Assignment title: Information
1) On October 29, 2014, the members of the Federal Open Market
Committee (FOMC) of the Federal Reserve Board voted to maintain its
federal fund target within the same
range of between 0.25% basis points to 0% percent, as it was set by the
FOMC in August
2011. But in 2011, the economy was in severe recession and the
purpose was to boost the economy by increasing liquidity in the banking
system at this low rate when the inflation was also very low. The
specific action of the Fed trade was to purchase treasury securities
every day to increase the money supply and thus keep the interest rate
(the federal fund rate) low to stimulate the economy.
But in October 2014, the economy showed to its near full recovery and
stock market and financial institutions are performing very well since
2011. On October 29, 2014, the FOMC also decided to end the asset
purchase plans under Quantitative Easing (QE III) under which the Fed
had been buying mortgage backed securities and LT Treasury Bonds
since the recovery started in 2011. Upon this decision to end the QE III
of asset purchase and keeping the same federal fund rate target, the
Dow Jones Industrial Average Price gone down significantly and did not
fully recover by the end of the trading day.
Question: What are the macroeconomic trends that did prompt the
FOMC to end the QE III but to keep the federal fund rate still at its
historic low? You need to give reasons for both of these policy
measures.
For more information, please visit the press release of FRB in
the url link here.
http://www.federalreserve.gov/newsevents/press/monetary/20141029a.
htm
Also, read some newswire analysis here on cnn portal on the same day.
http://money.cnn.com/2014/10/29/news/economy/federal-reserve-ends-
qe-bond-buying/index.html?iid=HP_LN
2) Draw a supply-demand diagram of the Federal funds market which
illustrates the effects of a massive treasury bill sale by the Fed in the open
market.
3) If banks desire to increase their lending, but the Federal Reserve is not
adding reserves to the banking system, what will happen to the level of short
term interest rates? Explain your answer carefully.
4) "Sweep" accounts are combination checking/money market accounts which
large banks currently offer to their corporate customers. These accounts
sweep just enough funds out of the money market portion of the account to
prevent checks written on the checking part of the account from bouncing.
Suppose that banks suddenly made these accounts available to households.

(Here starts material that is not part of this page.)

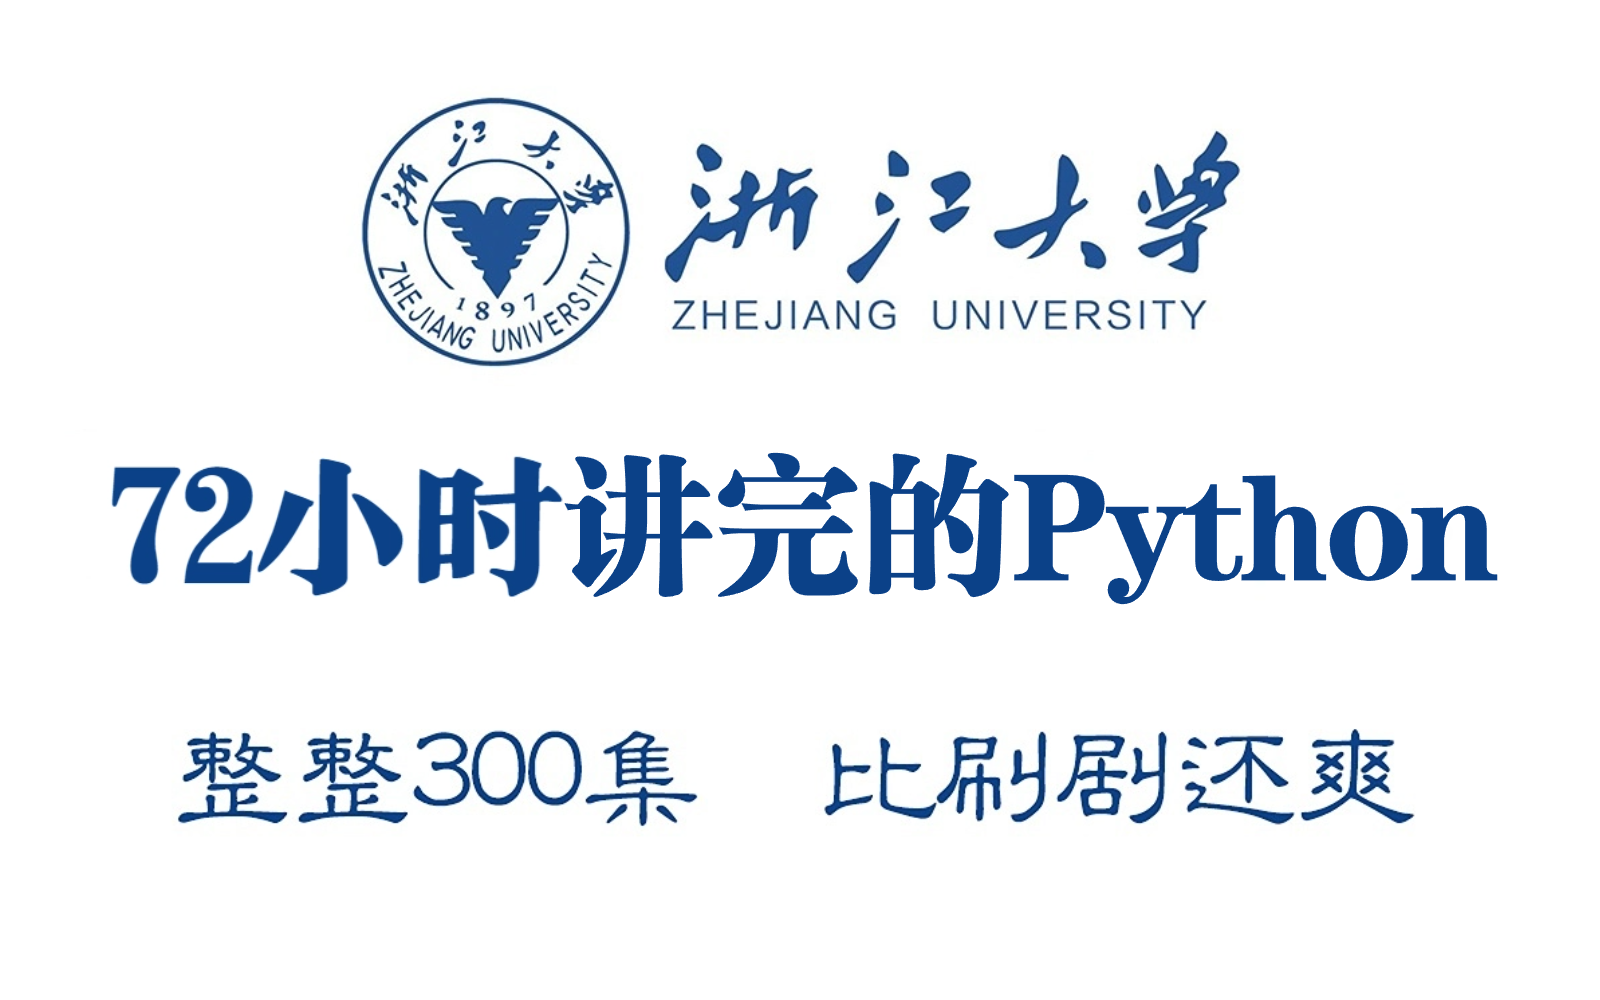 【Python教程】浙江大学72小时讲完的Python（完整版）零基础课程，整整300集，2024最新版，学完即可就业，小白进阶大神，比刷剧还爽！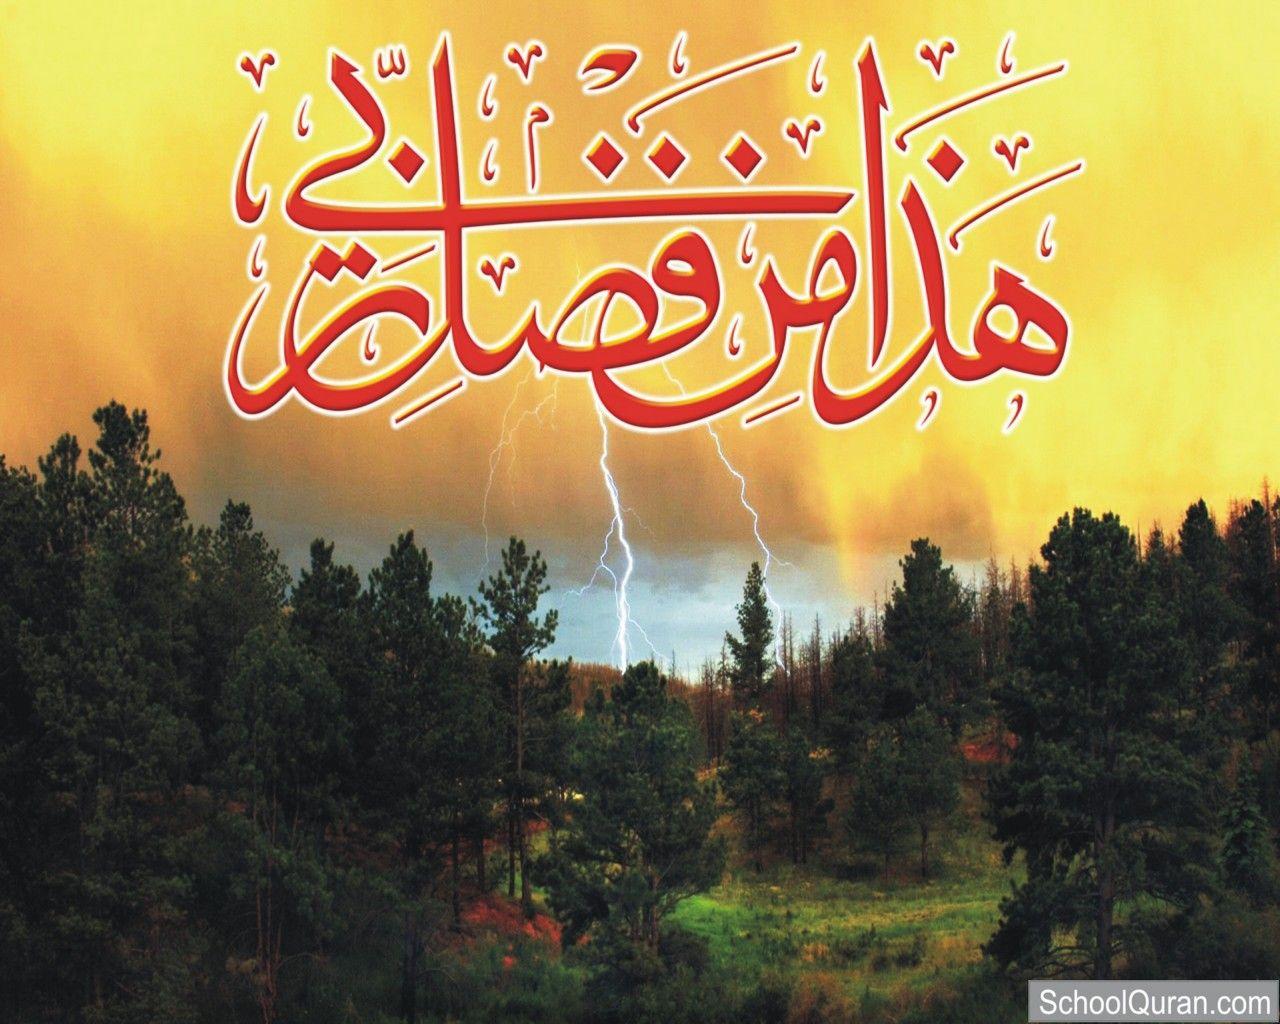 Islamic Wallpaper HD. Islam Wallpaper. Islamic Wallpaper Free

Draw a supply/demand diagram of the federal funds market to show the effect
on the federal funds rate if the Fed did nothing. What action in the open
market would the Fed have to take to maintain its existing interest rate target
under these circumstances?
5a) Explain carefully why interest rates on each of the following short-
term financial instruments will be closely tied to the level federal funds
rate: short-term bank CDs, short-term Treasury bills, short-term
commercial paper.
5b) Why is the yield on short-term Treasury bills usually less than the federal
funds rate?
6) Suppose households and small firms withdrew funds from banks in
response to rumors circulating that a computer virus would destroy banks
customer account databases. What action would the Fed have to take in the
open-market to maintain its existing fed funds target rate?